El sol entraba oblicuo por la ventana, ni tan cálido, ni tan frío. De esos soles de otoño que no abrigan del todo pero igual se agradecen. El mate me esperaba en la mesa, tibio, sin apuros, como si supiera que iba a tardar en dar el primer sorbo.
Lo tomé sin pensar. Bah, creyendo que no pensaba. Pero en cuanto el sabor tocó la lengua, me entró por otro lado. Por el alma, digamos. Por esa parte blanda entre el pecho y la memoria, donde se guardan los gestos que uno cree olvidados: la mano de mi abuelo cebando con paciencia de reloj de arena, mi vieja probando el agua con ese oído suyo para los hervores justos, las charlas de madrugada con algún amigo que ya no está, pero que dejó su risa pegada al mate como una calcomanía.
A veces uno toma mate como quien respira: sin darse cuenta. Y sin embargo hoy me detuve. Hoy el mate me frenó. Me hizo saber que esa pausa era más que una pausa. Era un refugio. Un ritual. Un acto de fe tibia en medio del caos.
Me colgué el termo bajo el hombro, como quien se cuelga un escudo. Salí a la calle.

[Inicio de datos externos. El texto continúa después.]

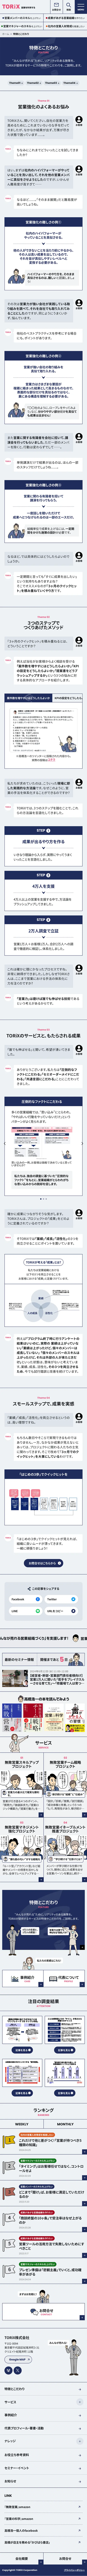 TORiX株式会社 | 営業を科学する |『無敗営業』シリーズの著者、高橋浩一による“みんなが売れる”ためのメディアのモバイルサイズのAboutページ画像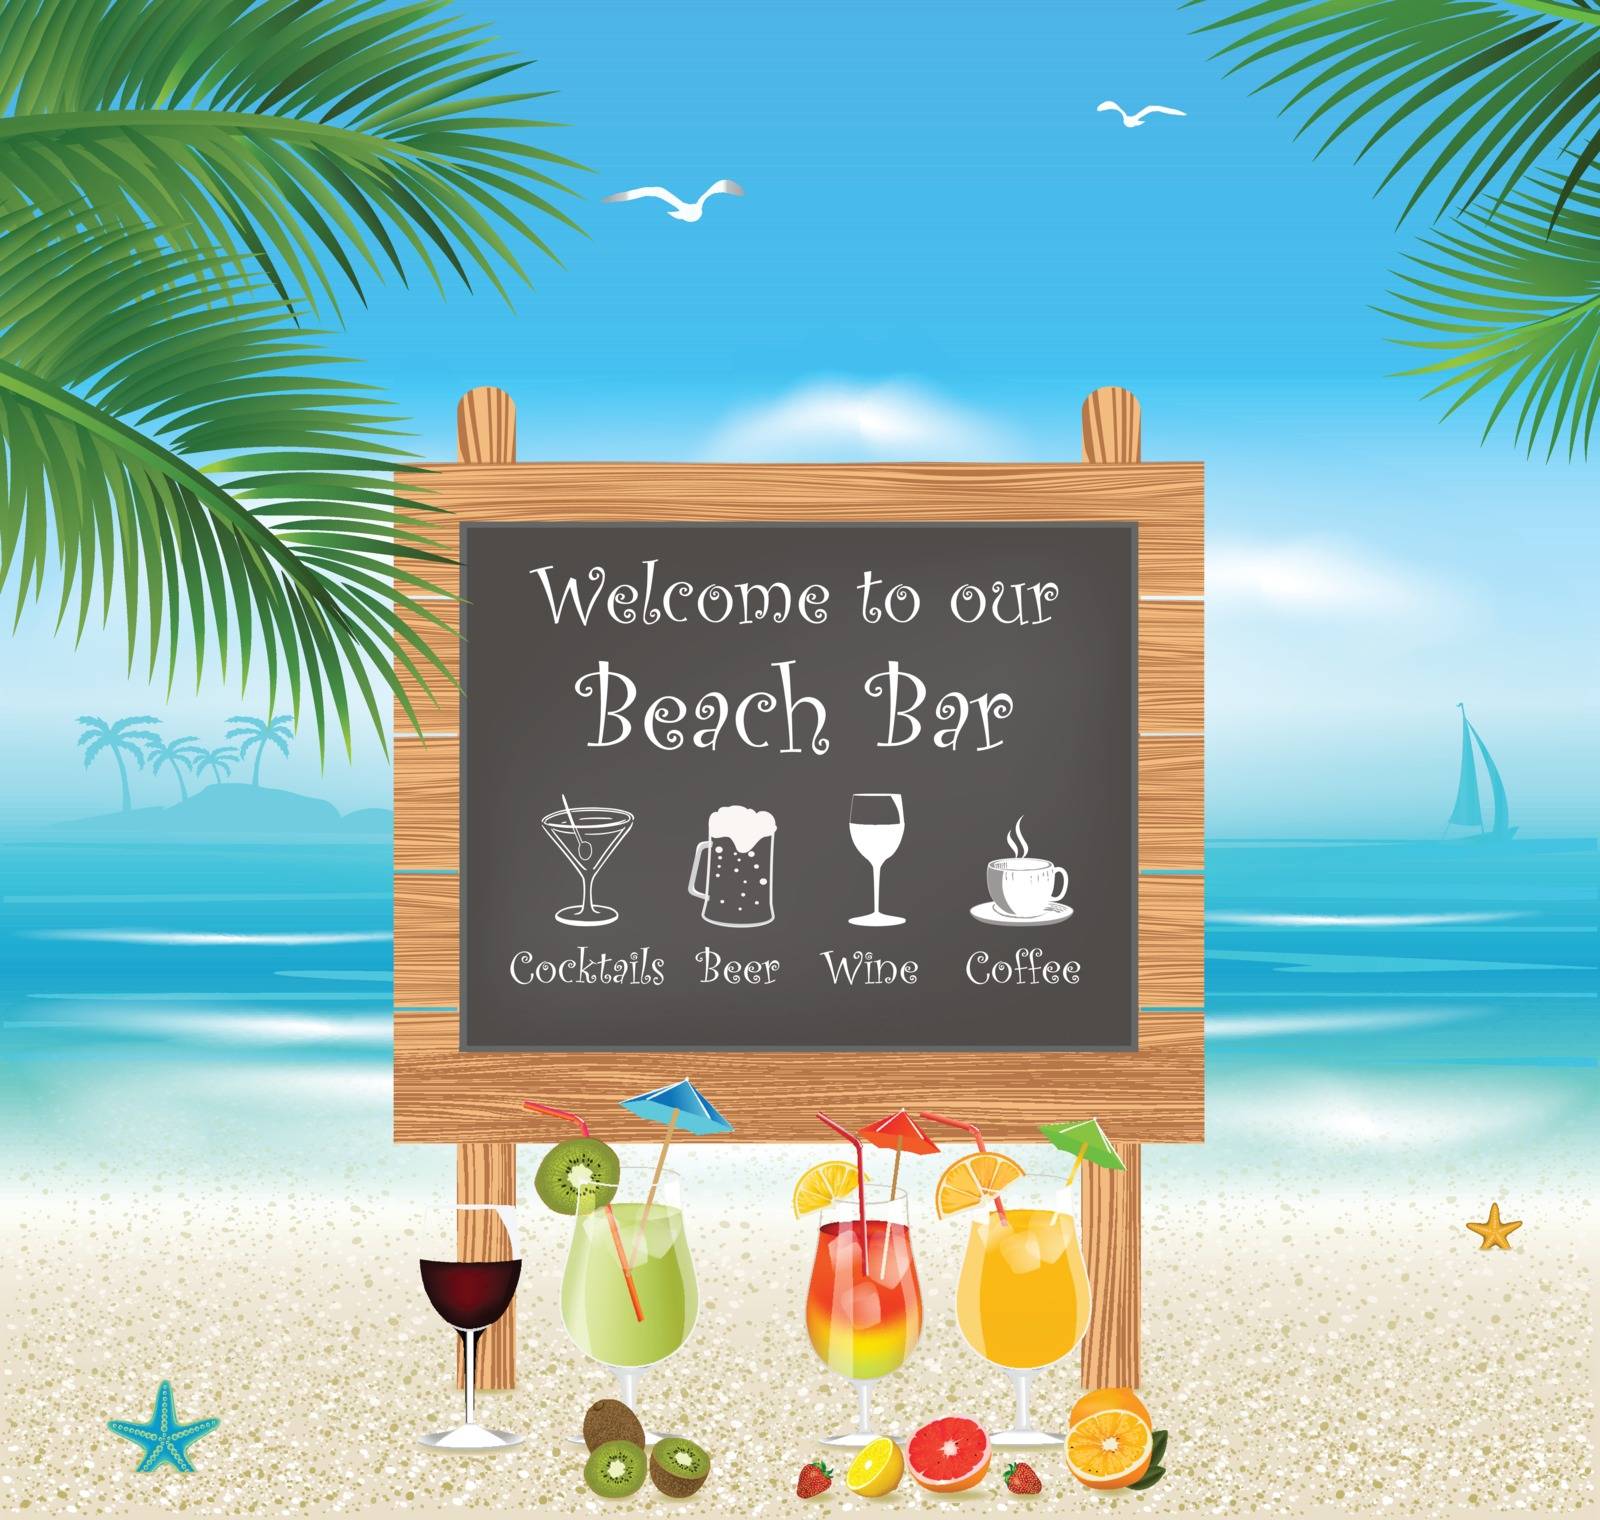 Beach bar menu by monicaodo

El viento jugaba en contra, como siempre. Pero cada paso, con el mate en mano, era un gesto mínimo de resistencia. Contra el mundo, sí. Pero también contra mí mismo. Contra esa parte que quiere ir rápido, que se olvida de mirar.
Cebé otro. Y seguí caminando. Porque hay rutinas que no son rutina. Son forma de quedarse. O de volver.